If you are thinking about filing for Chapter 13 bankruptcy to get rid of debt, you need to go over your individual circumstances and the ins and outs of this strategy. Chapter 13 bankruptcy allows many people to retain assets while eliminating their debts. However, this approach requires those who file to work through a repayment plan. The duration of Chapter 13 repayment plans varies from one individual to the next.
In comparison to Chapter 7, Chapter 13 is often advantageous, especially for those who do not want to lose their home due to foreclosure.
Looking at income and Chapter 13 repayment plans
According to the United States Courts, Chapter 13 repayment plans typically last between three and five years. The length of a repayment plan depends on a debtor’s income. For example, if your income is above the state median, you will likely have to make regular payments for five years. However, those with incomes below the state median sometimes have a Chapter 13 repayment plan that lasts for three years. However, the law prohibits repayment plans from exceeding five years.

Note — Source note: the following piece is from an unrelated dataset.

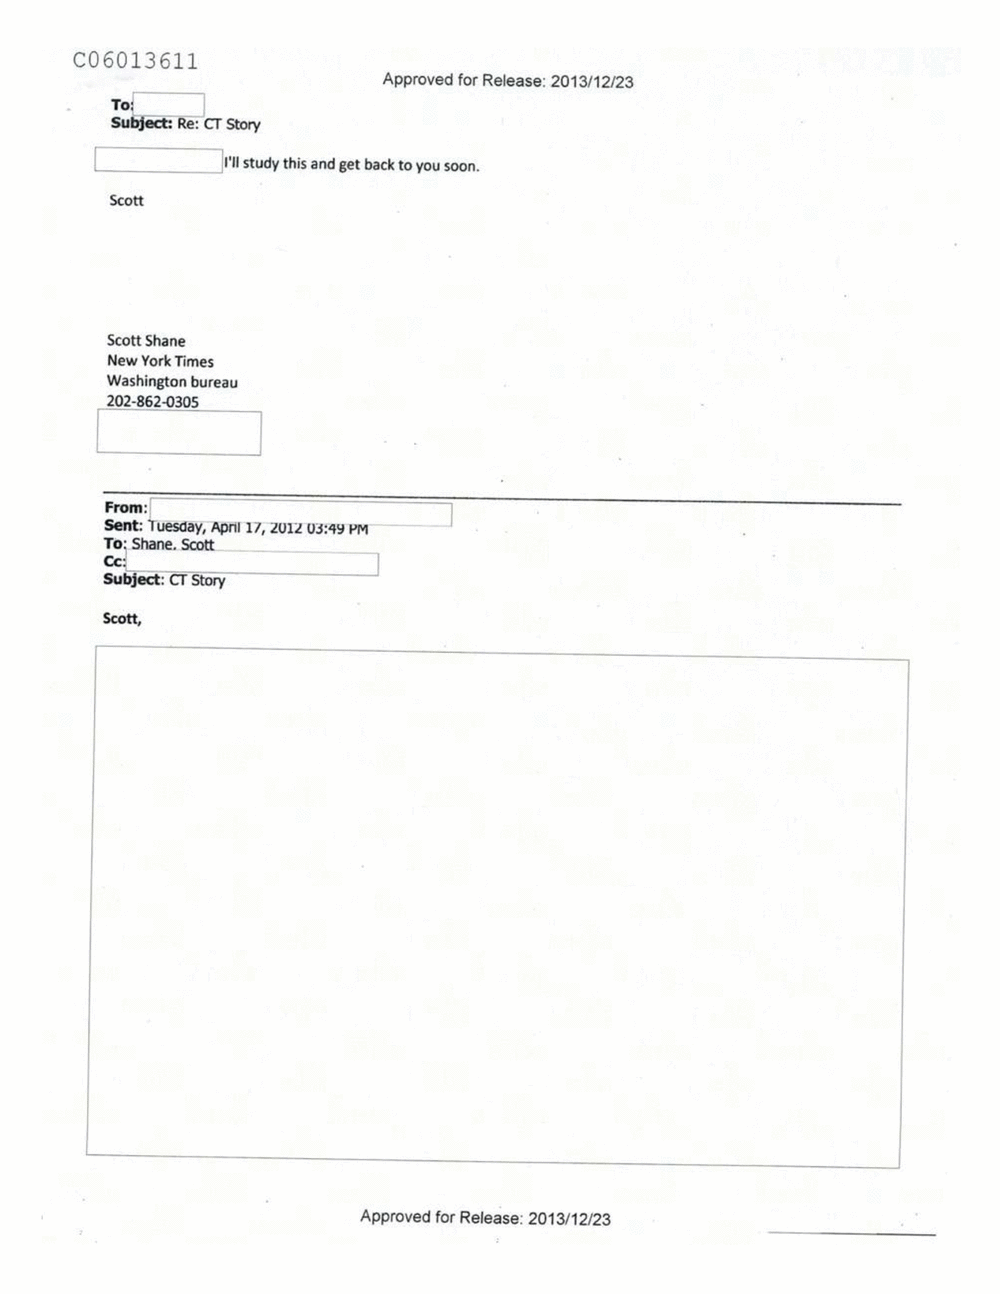 Page 429 from Email Correspondence Between Reporters and CIA Flacks

Looking at the Chapter 13 hardship discharge
In some instances, those who are unable to continue making payments due to significant financial hardships are able to have their repayment plan discharged. In order to secure a Chapter 13 hardship discharge, debtors must satisfy a number of requirements. For example, the hardship discharge is typically only an option if financial hardships are out of a debtor’s control and creditors receive roughly the same amount as they would receive through a Chapter 7 bankruptcy case.